Table 4 portrays the applicability of data staging, ETL, and process validation of conventional and proposed test procedures. The proposed big data test approach is capable to implement all these validation stages and thus signifies its capability compared with existing methods. Functional and Non-functional testing can be done in all the possible testing approaches. In Manual Testing, the reliability of this process is purely dependent on the test engineer's knowledge and experience. The preference for manual testing is very limited since it is a time-killing, complex, costly, and hectic procedure. It is already discussed that the Selenium approach is limited to only structured data and whose capability ceases with the rise of data sources. The proposed test procedure requires no coding and can perform the testing task in no time.

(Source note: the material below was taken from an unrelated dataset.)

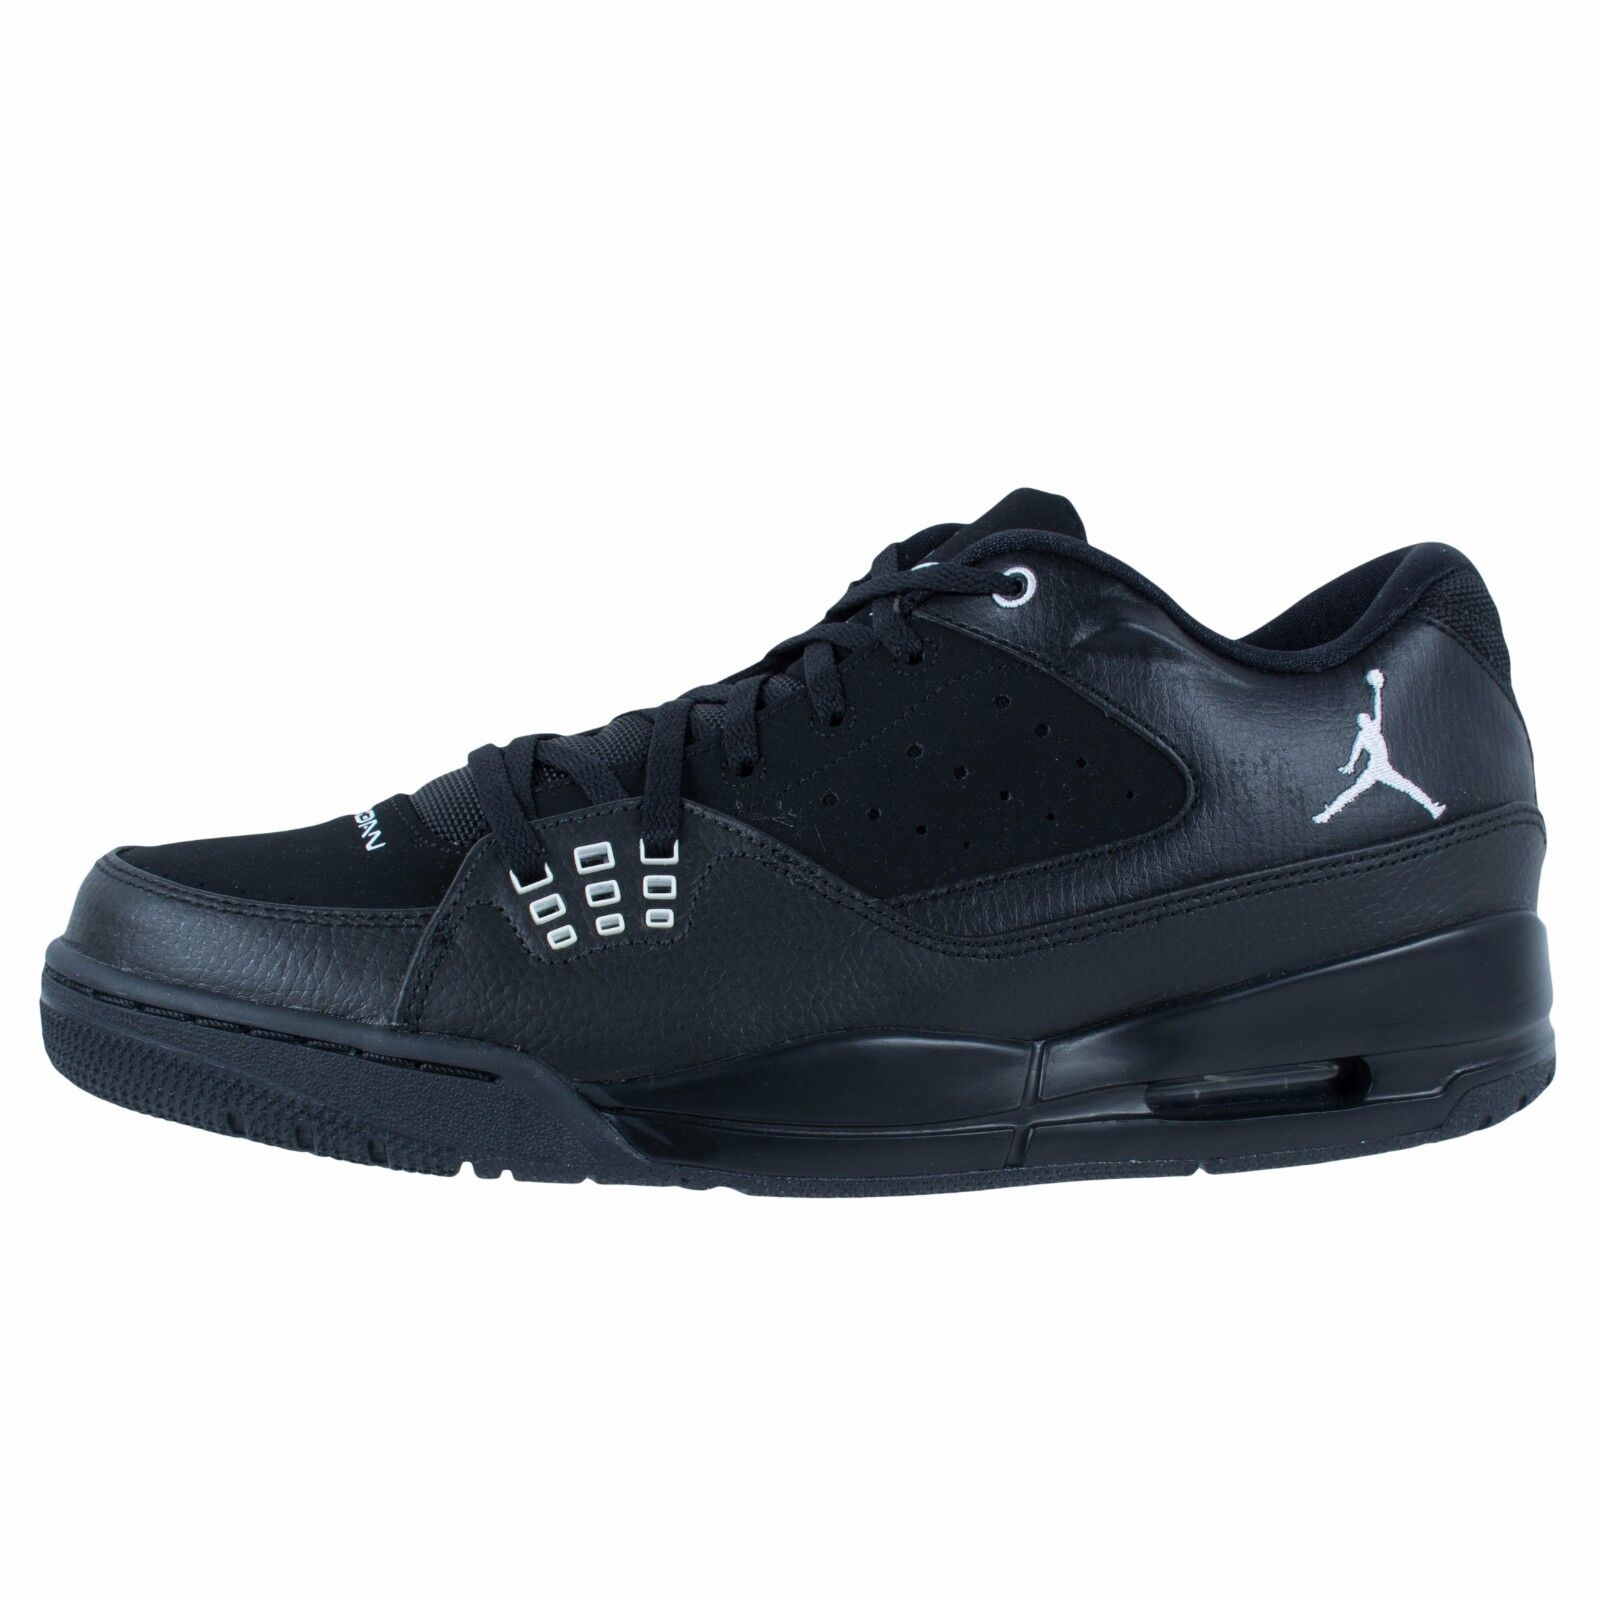 Nike Jordan SC-1 Low Black Leather 599929-010 shoes Men

It is quite reliable and can easily handle all types of data formats. Its performance is less distracted even with the rise of the data source. To test and verify the structured and unstructured data formats, schemas at different sources such as Hive, Map-reduce, Sqoop, and pig by using the Testing Whiz automation tool. Table 4 describes the multiple statistical features attained by using the conventional and proposed test routines. It can be observed that big data testing has statistically outperformed the conventional test methods. Figure 7: shows result here has been slightly adjusted to account for project preparation time, execution time, and analytic time. The invalid defects were found in the testing because of said error.

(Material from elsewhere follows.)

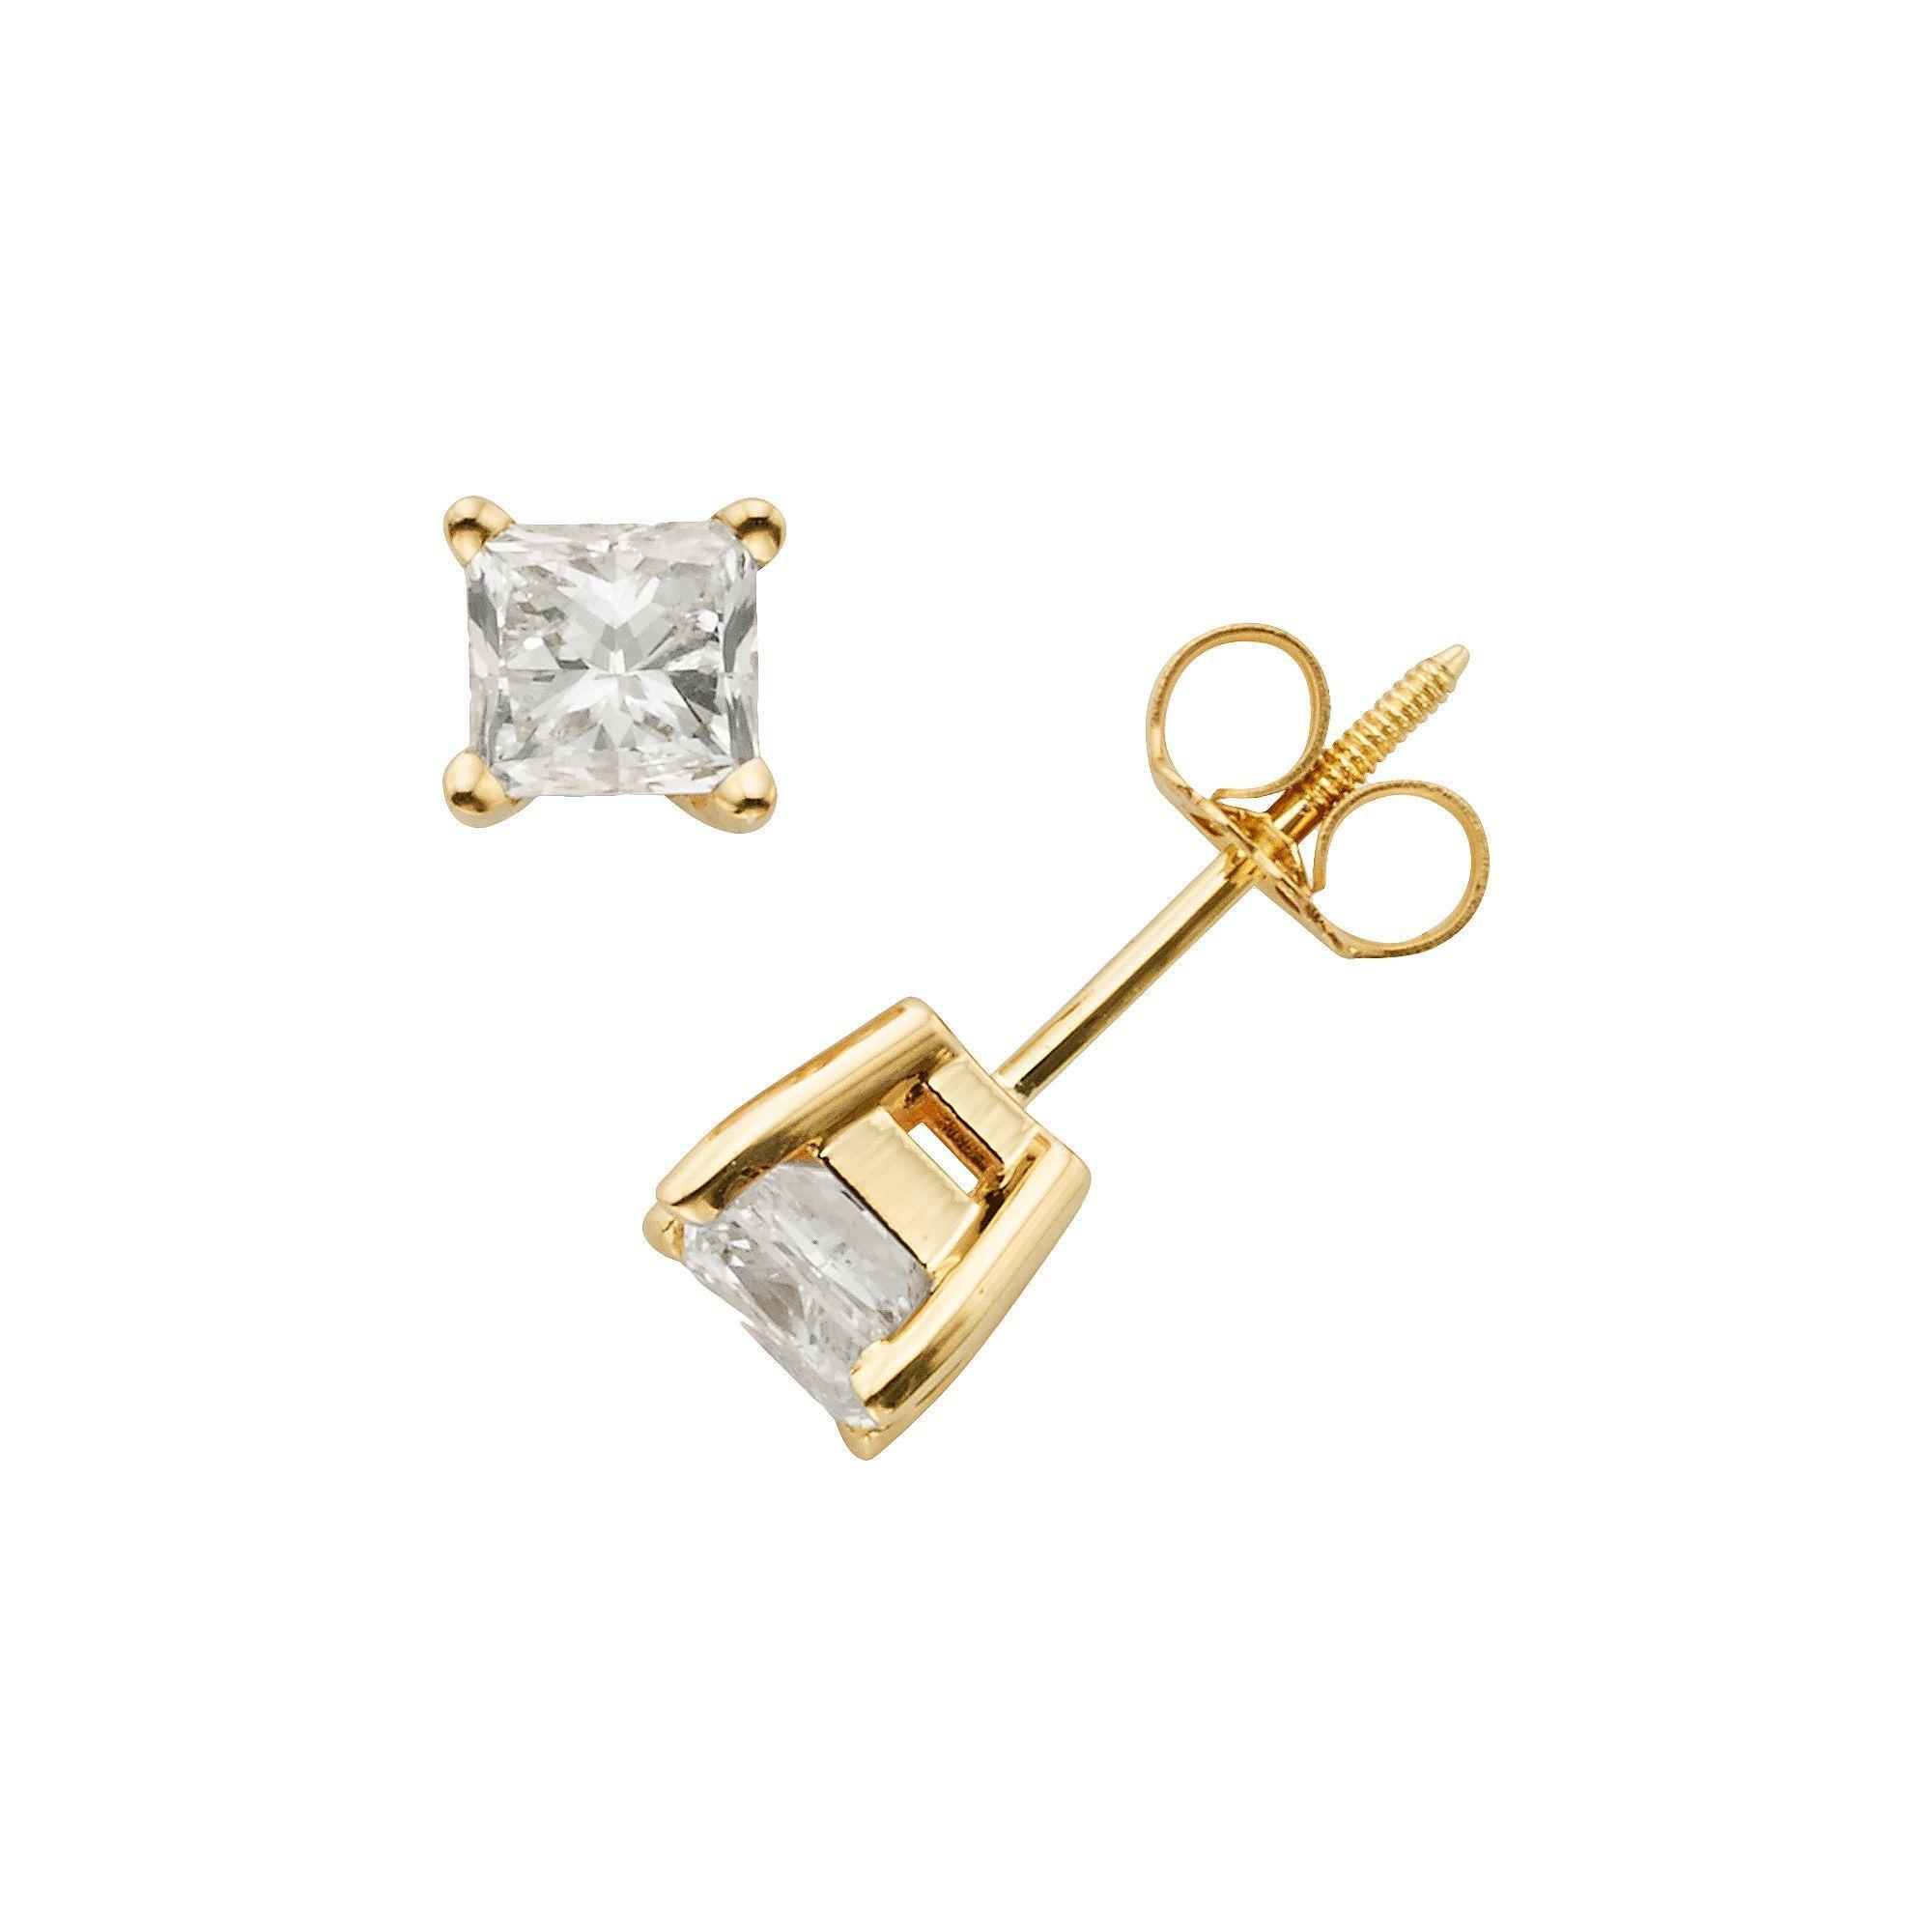 14k Gold 1 ct T W IGI Certified Princess Cut Diamond Solitaire

Figure 7 portrays the tools used by testers to identify discrepancies of the proposed method with conventional methods in processing structured data. It can be observed that the efficiency of the proposed big data testing through Test Whiz can handle a huge number of test cases and requires less analytic time in a short execution time. The Selenium test procedures need the conversion of unstructured data into structured data and thus the processing tasks consume more time and pose more burden for the test engineer to compare the expected results with the actual results.